[[ SOURCE MATERIAL open ]]

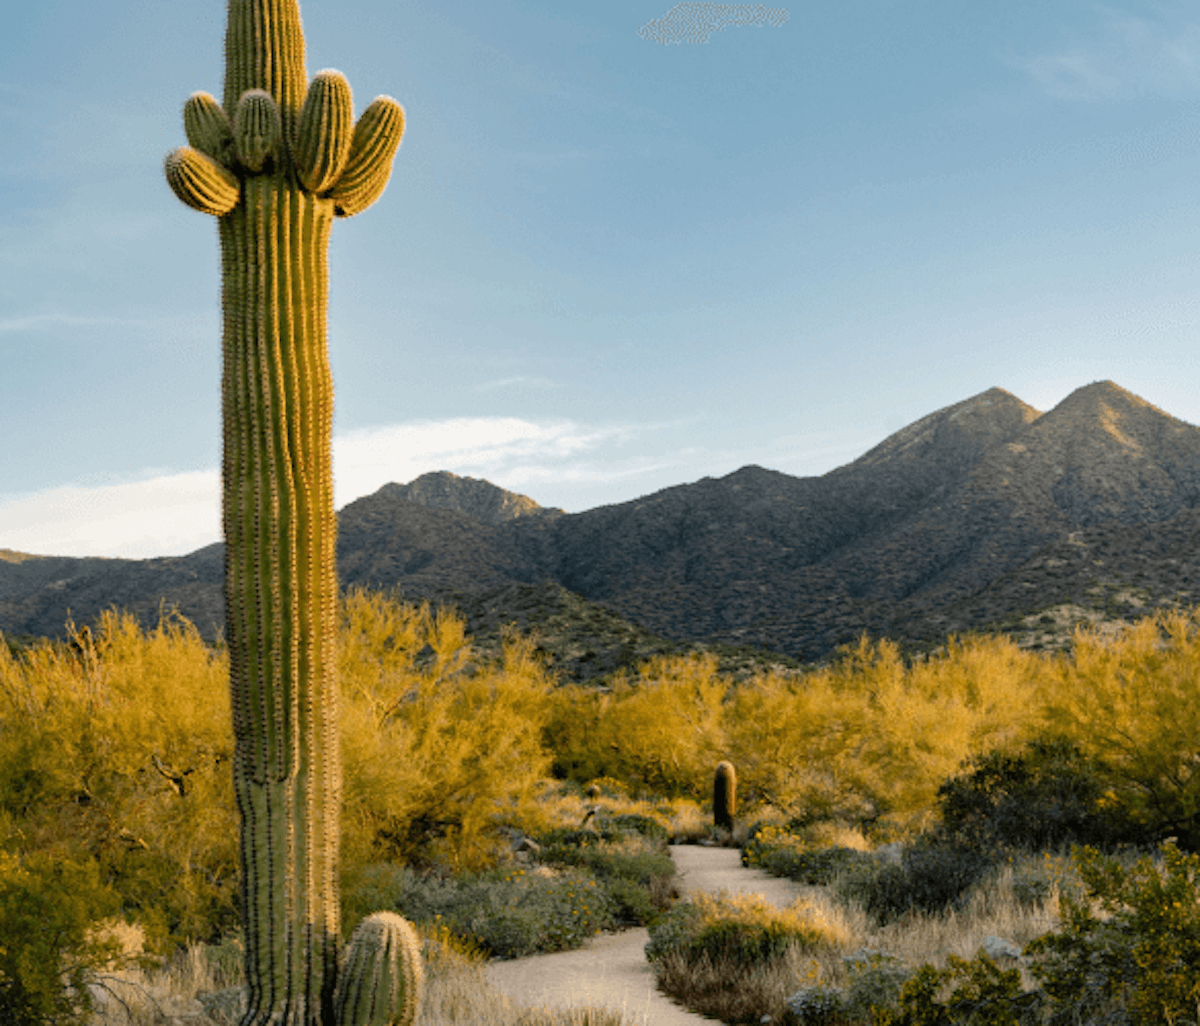 A towering saguaro cactus stands beside a trail leading through a desert landscape with mountains in the background.
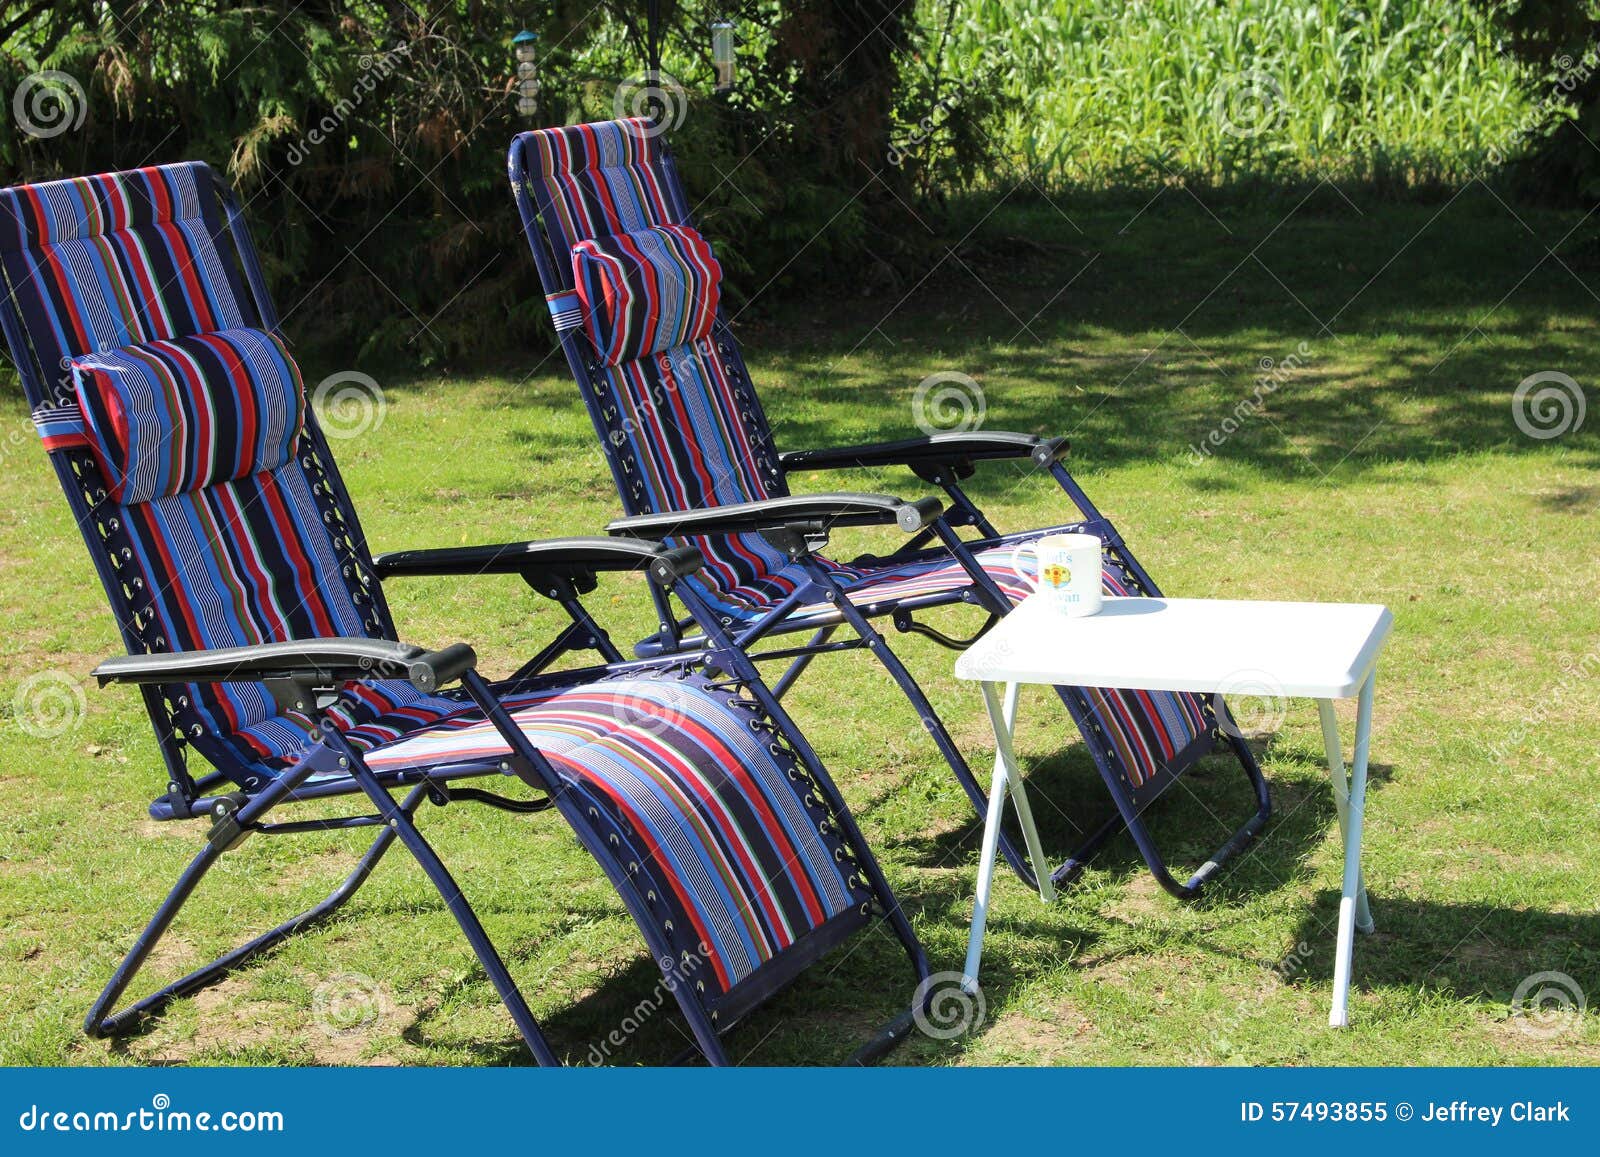 Deck Chairs Table Picture Sun 57493855 
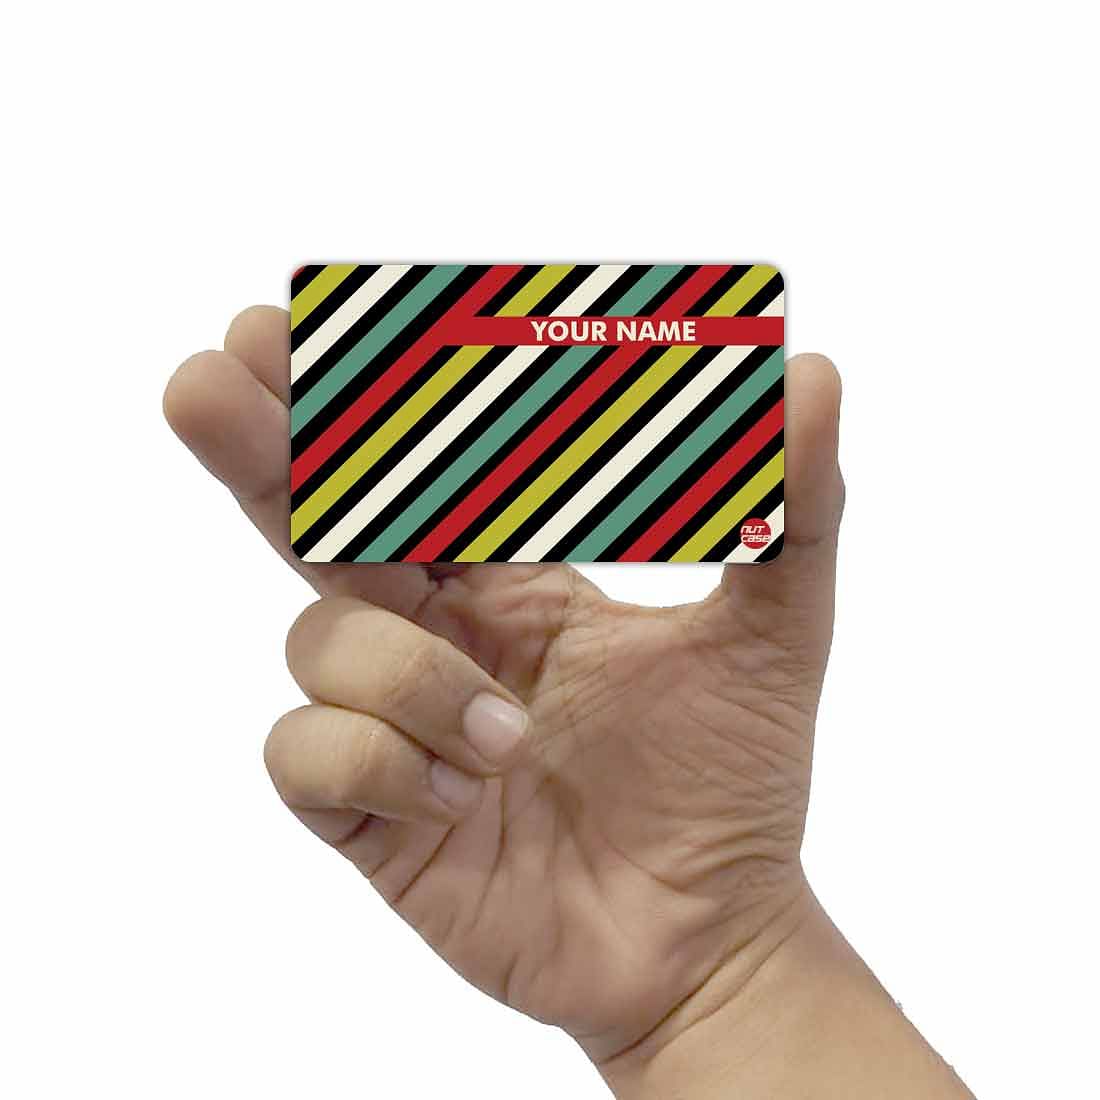 Customized NFC Chip Business Cards -  Red Green Strip Nutcase

[[ SOURCE MATERIAL closed ]]

Transcribe all the material exactly; skip every image.

 A towering saguaro cactus stands beside a trail leading through a desert landscape with mountains in the background.
 Deck Chairs Table Picture Sun 57493855 
 Customized NFC Chip Business Cards -  Red Green Strip Nutcase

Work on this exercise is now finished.